Why Economic Systems Collapse
Posted January 15, 2026
Economic systems do not last forever.
Over the course of human history, societies have repeatedly organized production, finance, and power in ways that worked—until they didn’t. When the constraints surrounding those systems changed, the systems themselves either adapted… or broke down.
That historical pattern is the focus of my newest Macro Watch video:
Why Economic Systems Collapse
In this presentation, I step back from day-to-day market noise and look at the deep structural forces that determine whether an economic system survives or fails.
This is not a story about ideology.
It is a story about constraints.
Why economic systems really change
Economic systems do not collapse because people suddenly adopt new ideas. They collapse because the old rules stop working.
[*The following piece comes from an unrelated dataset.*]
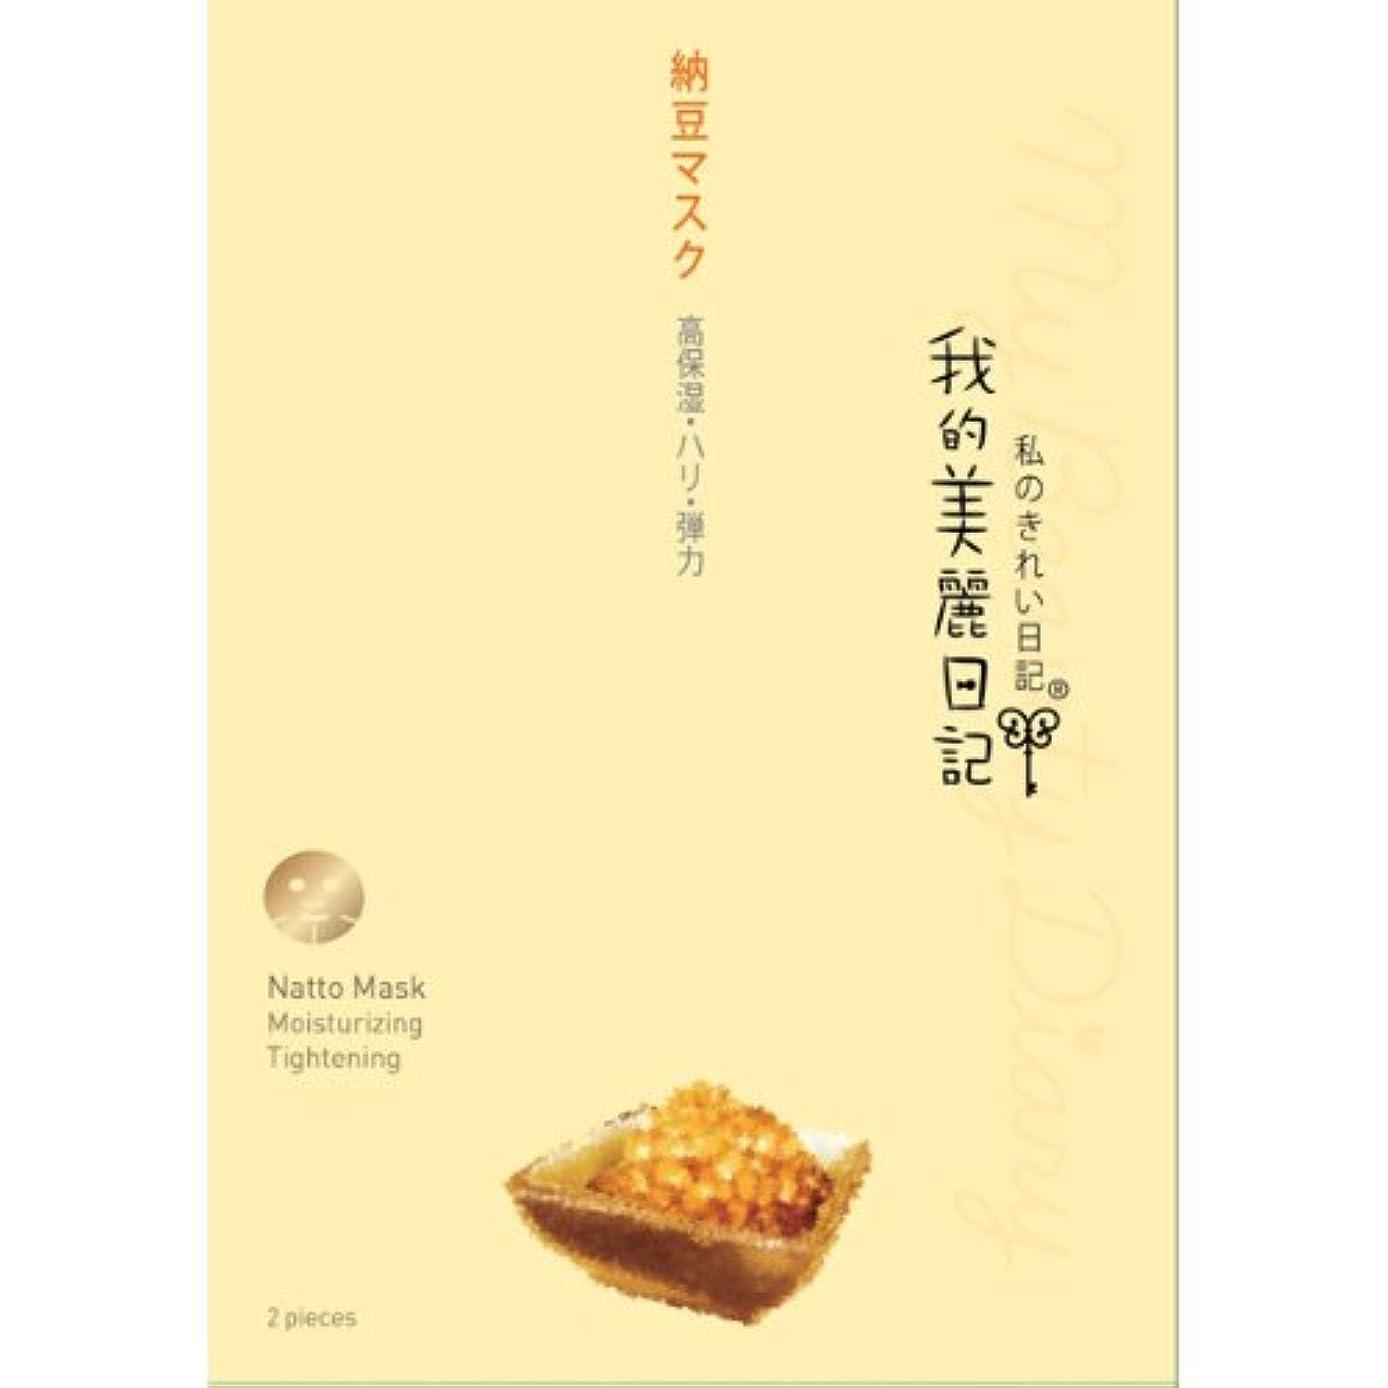 フィットスリップぺディカブ我的美麗日記 私のきれい日記 納豆マスク 23ml×2枚
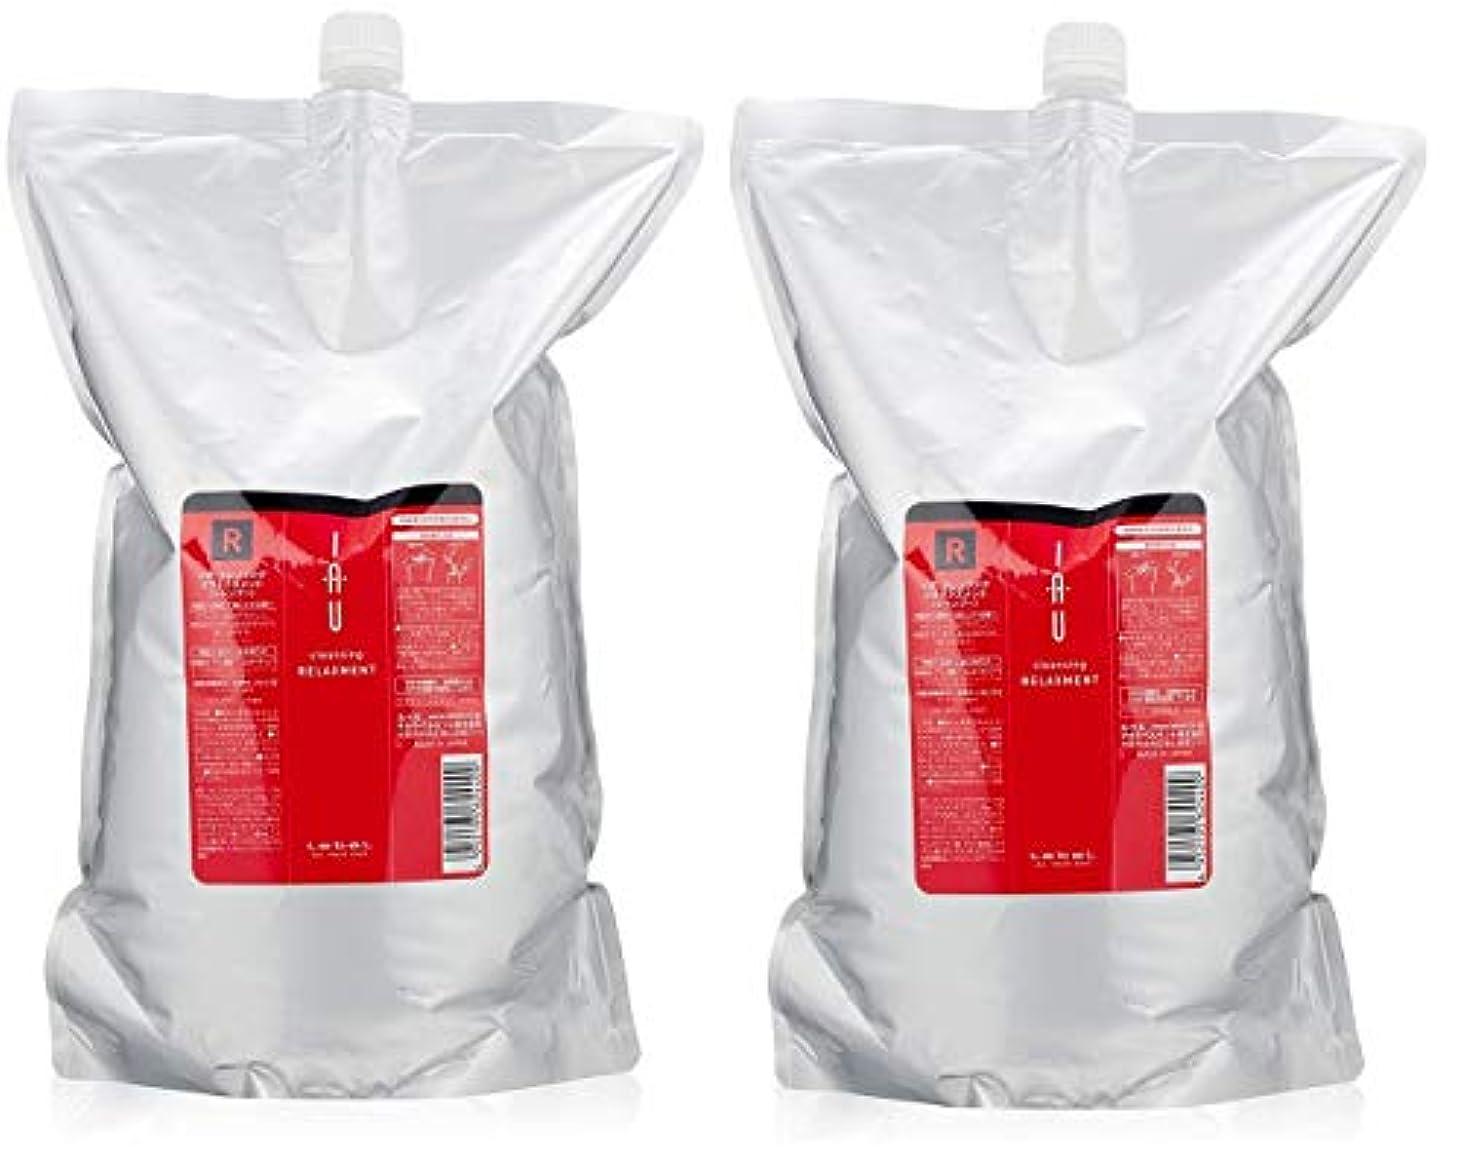 放散する料理予防接種ルベル イオ クレンジング リラックスメント シャンプー 2500mL ×2個セット 詰め替え 業務用 Lebel iau

In this new video, I examine seven earlier economic systems—from hunter-gatherer economies to capitalism—and show:
- What made each system function
- The constraints that ultimately limited it
- Why those constraints became binding over time
- And what happened when adaptation failed
Some systems collapsed outright. Others survived only by transforming themselves into something new.
Why this matters now
Today, Creditism—the economic system that has dominated the global economy for more than half a century—is under growing strain.
Its internal contradictions are becoming increasingly binding.
The old configuration no longer works smoothly.
And a new configuration is beginning to emerge.
History shows that this is the most dangerous phase for any economic system.
Whether Creditism adapts successfully or breaks down under pressure will shape financial markets, economic outcomes, political stability, and the global balance of power for decades to come.
That is why understanding how economic systems collapse is no longer an academic exercise. It is a practical necessity.